I had not thought about that.. good idea:thumb:


----------



## 7thswan (Nov 18, 2008)

I would not leave the homestead, going weeks without leaving is normal for me. Right off, I'd get nervous about when to go into overdrive, just cause I'd need to take control. Day 1, do nothing, see if DH makes it home 1&1/2 hrs drive from the city where he works for Road comish.This is important because if things are bad, work will keep him there for unknown amount of hours. He will have to set up intersections with generators that run the lights etc. We also have one of these generators- it can run 3 houses. I don't mess with things Elec. rather live without it. If I really need to, one of the neighbors will hook one of the small ones up for me. The cows have a spring fed pond and a stream runs thru the property. Not sure they would stay in pasture without the elec. fence, but would only probably go into the hay field if got out. If the Zombies come out, they(the cows) need to go into the special paddock with the underground barn. By now the neighbors will be around checking on each other. Now I'll start canning all the meat in the fridge, dry veggies. There is enough propane for the stoves that are used for this. If need be , there's the wood cook stove. September might have me without many jars left empty, so might have to empty juices (start making wine) to cann the meat. If Dd is still gone, I'm worriening how he is without/or if he's gotten his meds. I guess just have to see what's gonna happen next to deal with. People showing up, settling them in, giving them chores, keeping things calm.


----------



## Mike in Ohio (Oct 29, 2002)

I would begin preparing for bugout to our farm. This entails:
Top up gas in the truck and pack extra gas cans on the trailer.
packing additional supplies in the truck and trailer. 
harvest any extra fruit and veggies from the garden at the house
pack extra tools to take with.
preparing the animals (cats and dog) to take with.

Not too concerned about traffic lights as pretty much all of the driving is 4 lane or 2 lane highway.

Only have to worry about DW and her work is on the way (8 minutes) to the highway. I would wait maximum of 1 hour (more like 30 minutes) and head out. I would leave her a note indicating what time I left and the route I would be taking (there are several alternatives). I would stop by her work to check. 

Assuming we hook up we would top off gas in her vehicle and drive in separate vehicles. I would of course transfer her weapons and supplies to her vehicle. We have handheld radios for each of us (plus extras).

We would probably swing by the relatives on the way (it literally is on the way) just to give them a heads up.

Once at the farm I/we would start getting settled in.

If it is a false alarm then no harm no foul. If not then time is of the essence.

We have discussed this and run a few test drills. 

Mike


----------



## Mulish (Mar 24, 2005)

Well, I guess I would carry square bales from the hay shed down to the shop to stack on and around the freezer.
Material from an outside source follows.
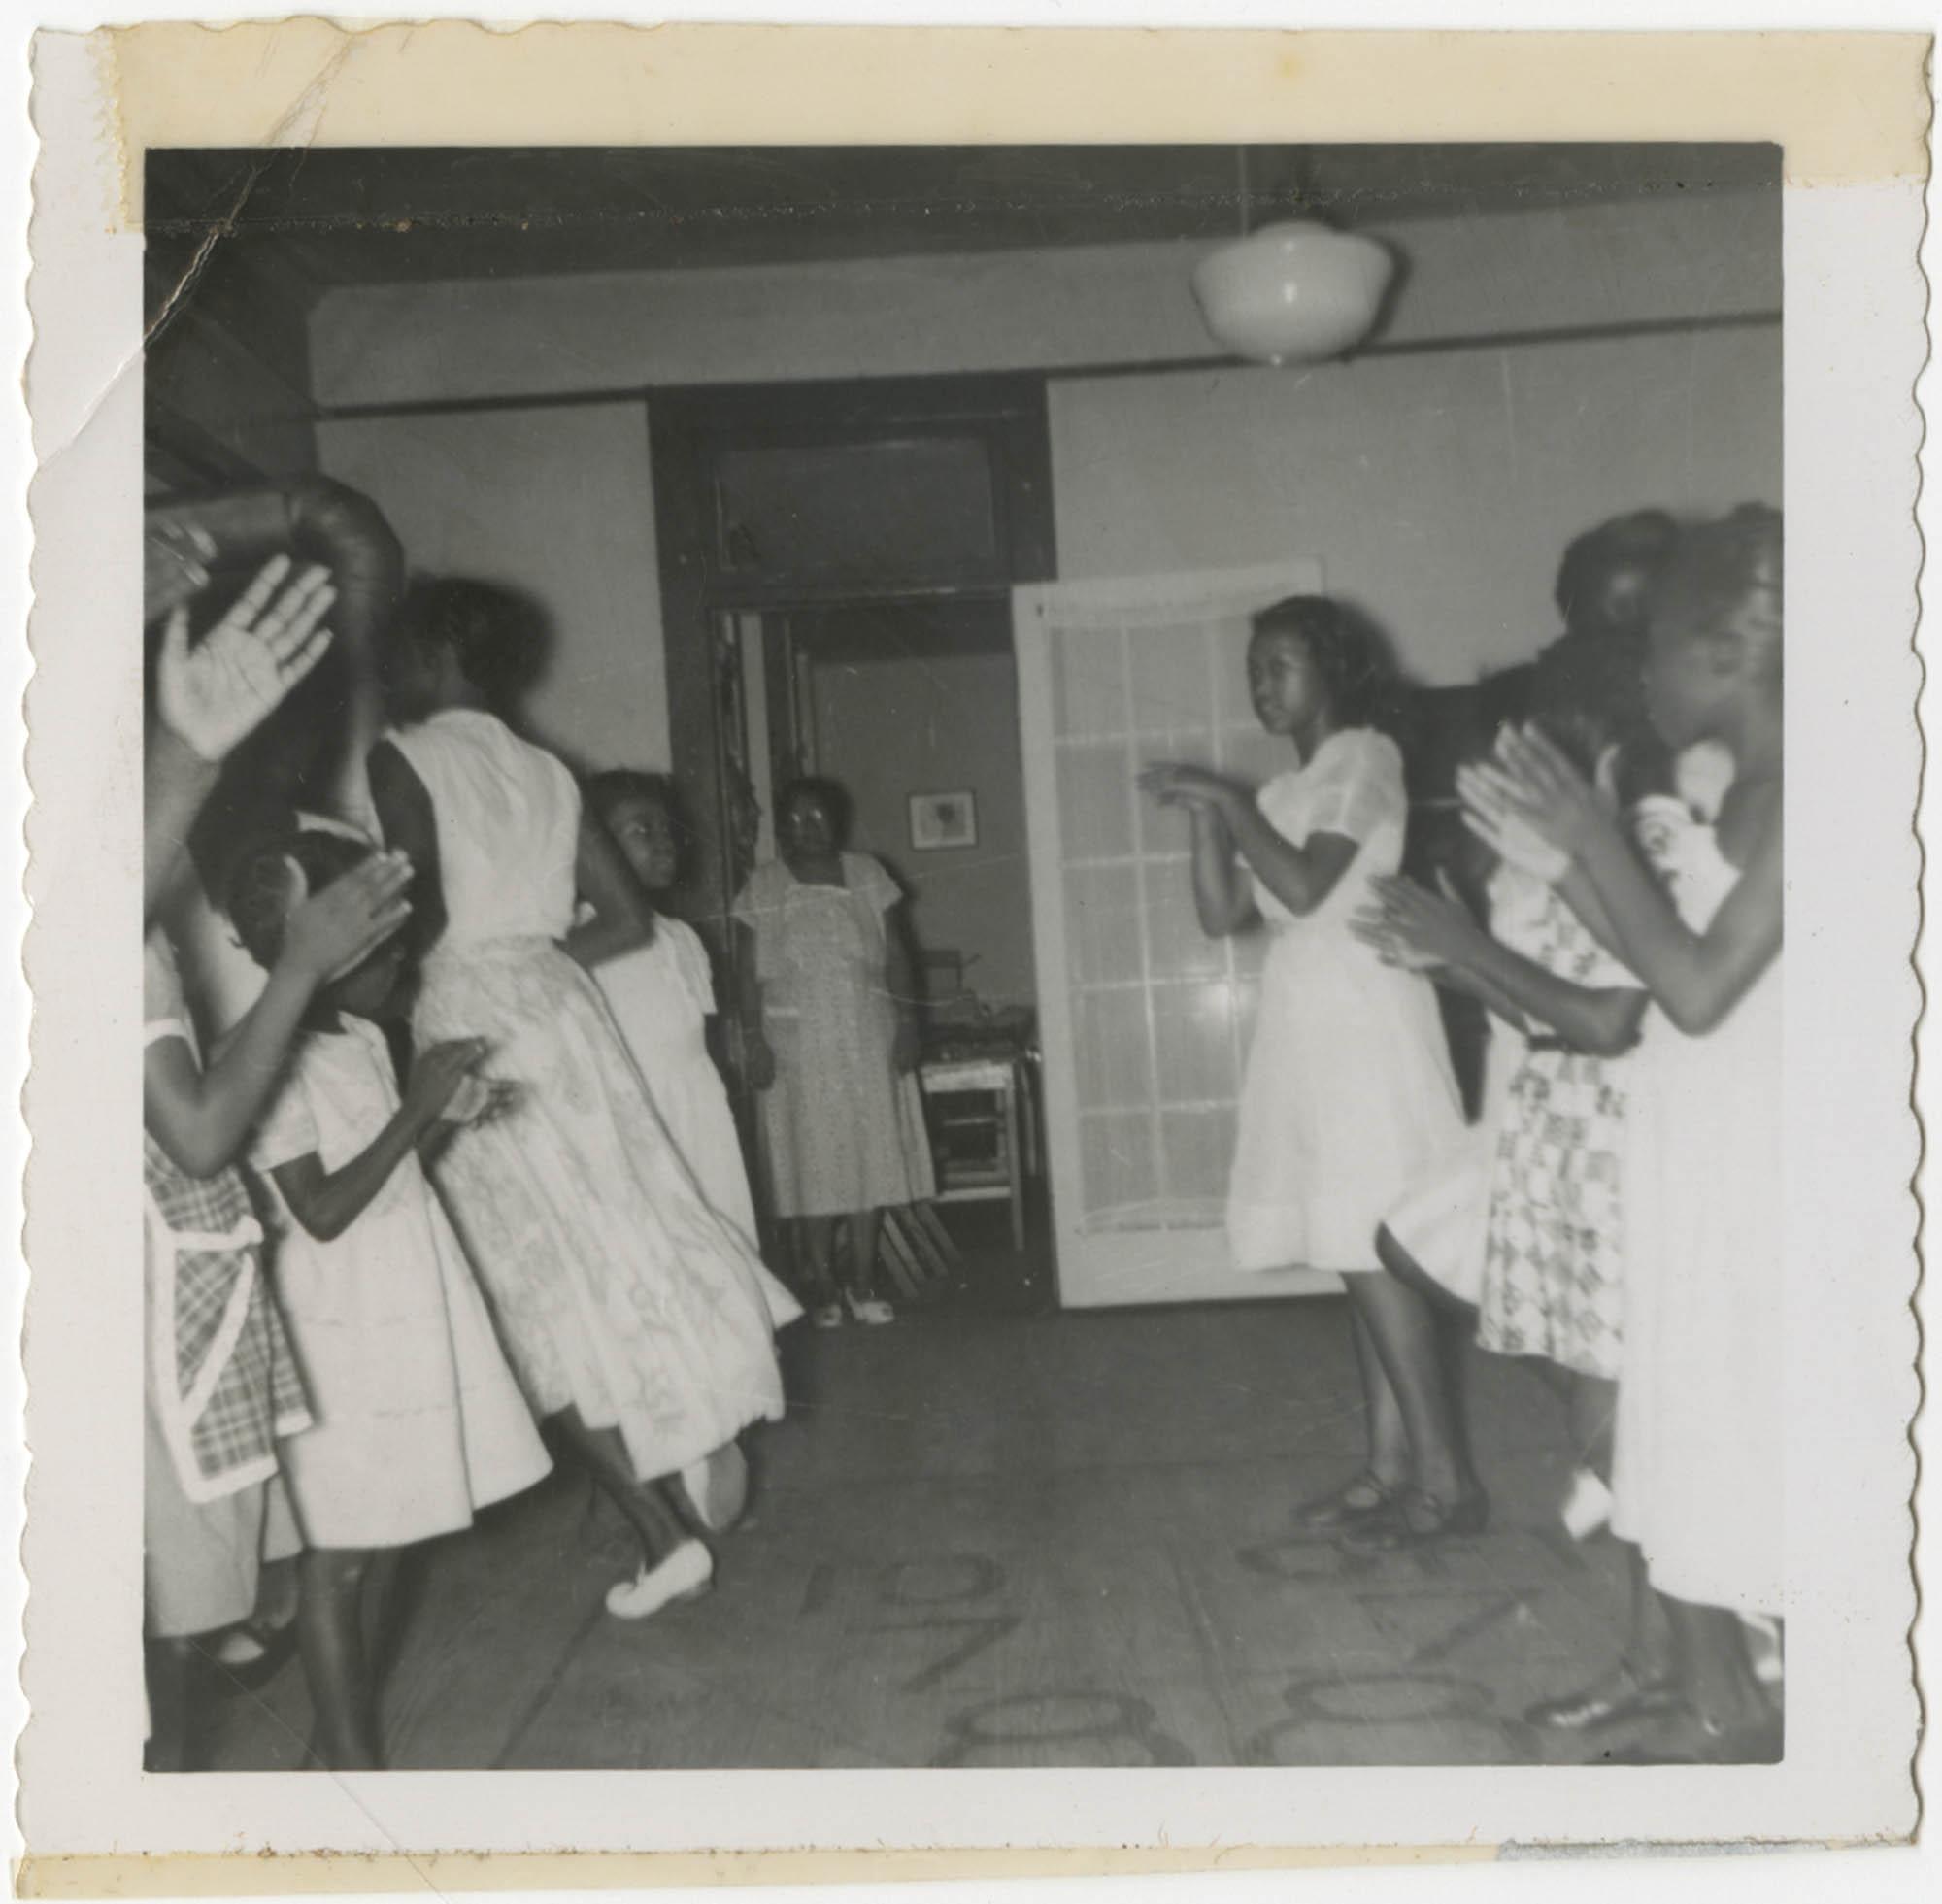 Photograph of Y.W.C.A. Children

Carry gas cans from shed to the patio, remove the faux doghouse from the genny, then fire it up for a test run.

Then I suppose I would gather pinecone, twigs and sticks in a feed sack to store under cover for future use in the kelly kettle, ( sweetheart is a Scotsman and really likes his morning cuppa, and I would not like to be collecting fuel to make his tea in the predawn dark.

Then I would work up a menu of meals that could be prepared without power,then pull the ingredients out of my storage room.

After all that hauling and walking, I would sit and have a cup of tea, then go and see how my neighbors were making out.


----------



## Cyngbaeld (May 20, 2004)

Thursday morning and the news over the shortwave band is unsettling at best. Apparently there is no grid power anywhere. Nobody knows why yet but it is obvious this is a long, long term event and may be permanent.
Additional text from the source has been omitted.